The more fiber in your diet, the more you feed the healthy bacteria. These bacteria will produce more and more SCFA from the fiber in your diet. They become more efficient as you train them. When you experience some discomfort like gas or bloating when consuming a fiber rich meal, the best thing is to take it slow and easy. Same as in the gym, you don’t immediately start with the heavy weights.  The plant foods that cause distress in people with a damaged gut are paradoxically also the foods we need the most to get our gut stronger. When you eliminate a food group from your diet your ability to digest these foods dwindles. So, eliminating a food than give you some respite in the short term but in the long term it’s going to haunt you.

One example nowadays that you hear a lot is that many people are eliminating gluten from their diet. This can be beneficial in the short term, as the biggest source of gluten in our diet are processed foods, but in the long term you will lose your ability to digest the grains wheat, rye, and barley properly. These grains when eaten in their whole form are consistently being associated with lots of health benefits. It’s like throwing the baby out with the bathwater.

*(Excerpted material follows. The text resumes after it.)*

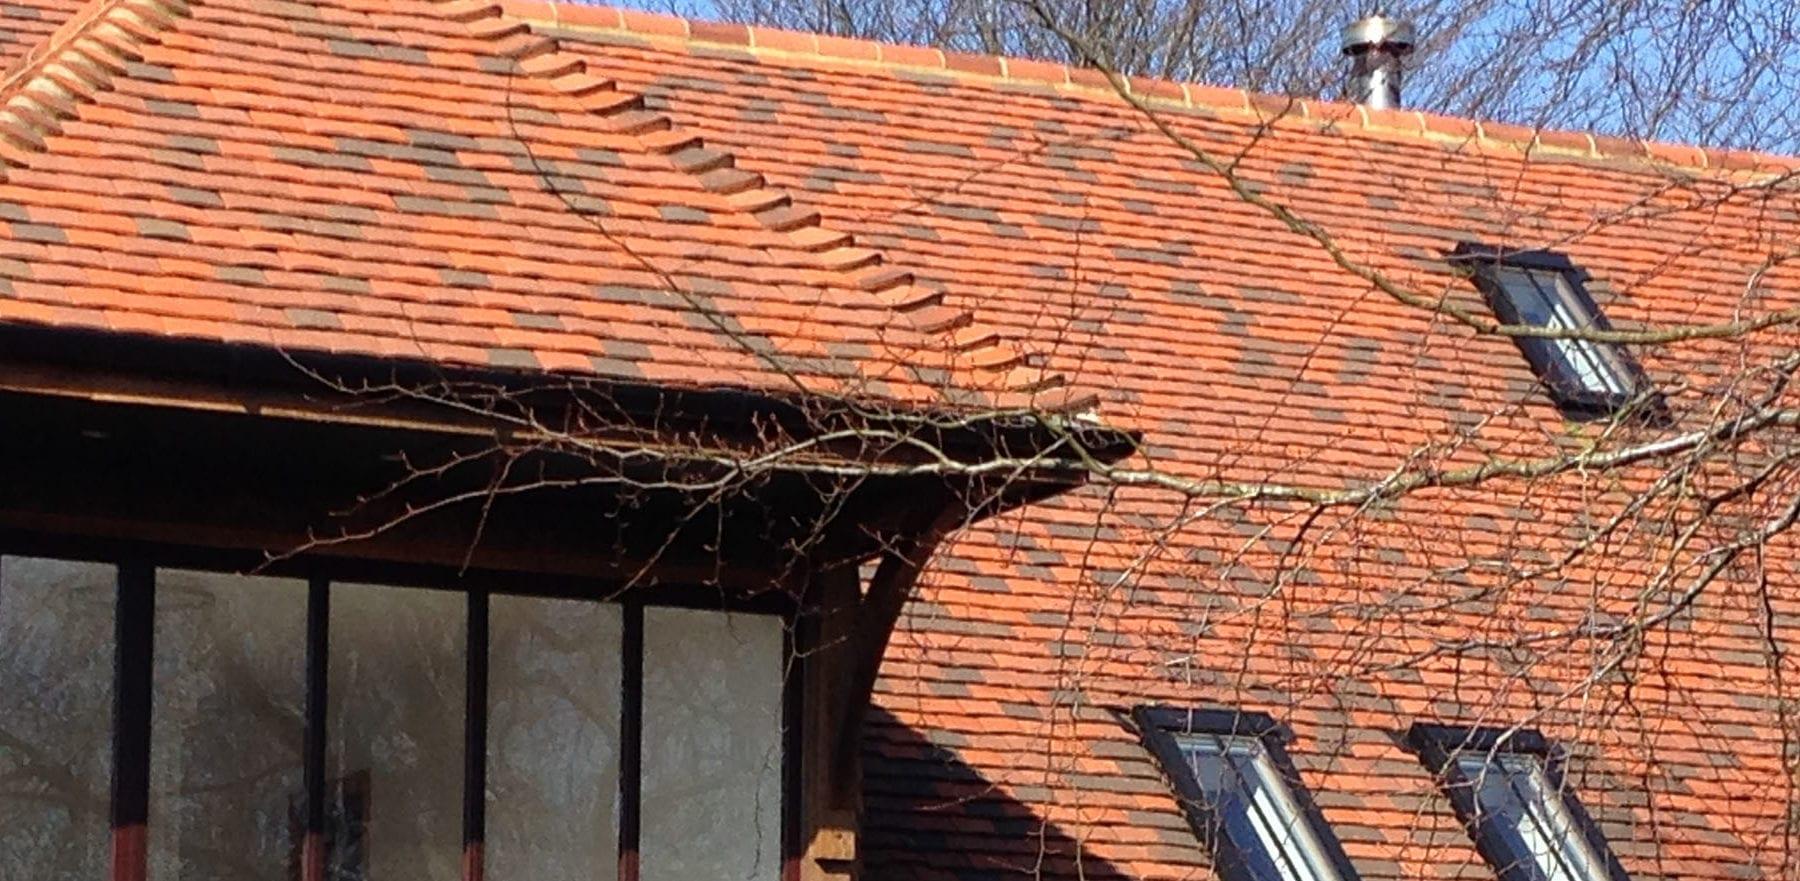 Lifestiles - Handcrafted Tilehurst Clay Roof Tiles - Folkstone, England 3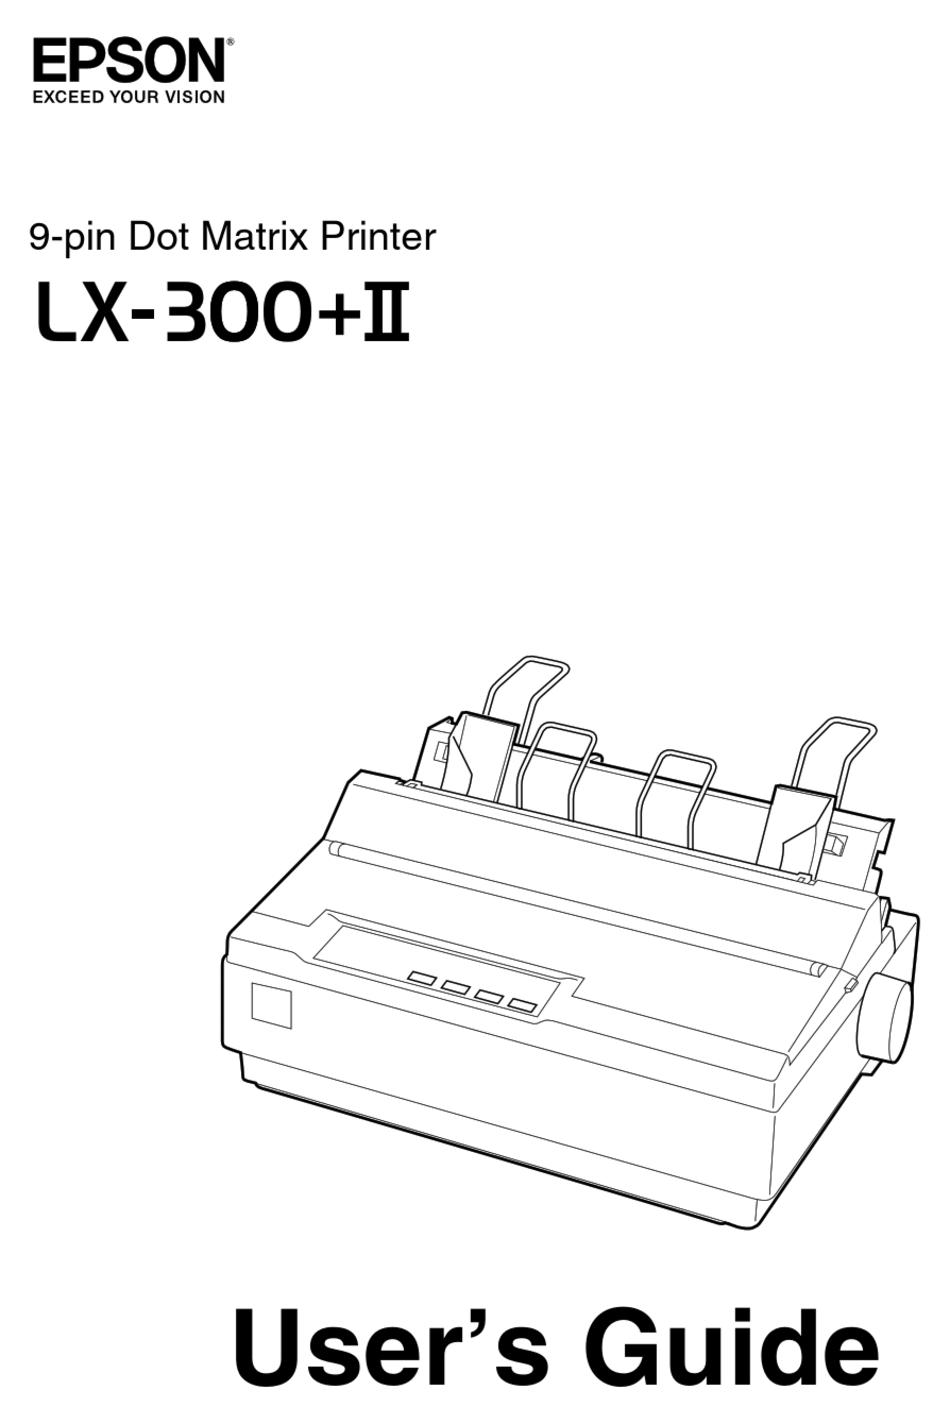 Epson Lx 300 Ii User Manual Pdf Download Manualslib

The one exception on this people with celiac disease. People with celiac disease cannot tolerate gluten in their diet. When gluten is present in their small intestine the immune system attacks the intestine. Celiac disease is genetically motivated disease, which means that you must carry the gene for celiac to get the disease. It is estimated that about a third of Western people carry the gene but only 1% of them manifests the disease. People with celiac should not consume any gluten as continued exposure can lead to small intestine lymphoma, a universally fatal disease. There are 3 criteria to develop celiac disease, presence of the gene, exposure to gluten and an alteration or damage to the gut microbiota. In the last 50 years we saw a 500% increase in celiac disease which is not due to a shift in genetics but most likely due to an increase in people with a damaged gut wall.

The key to healthy microbiota is the diversity of plants that you have in your diet, but this diversity can look different for each person as everyone has a unique microbiota with their own strengths and weaknesses.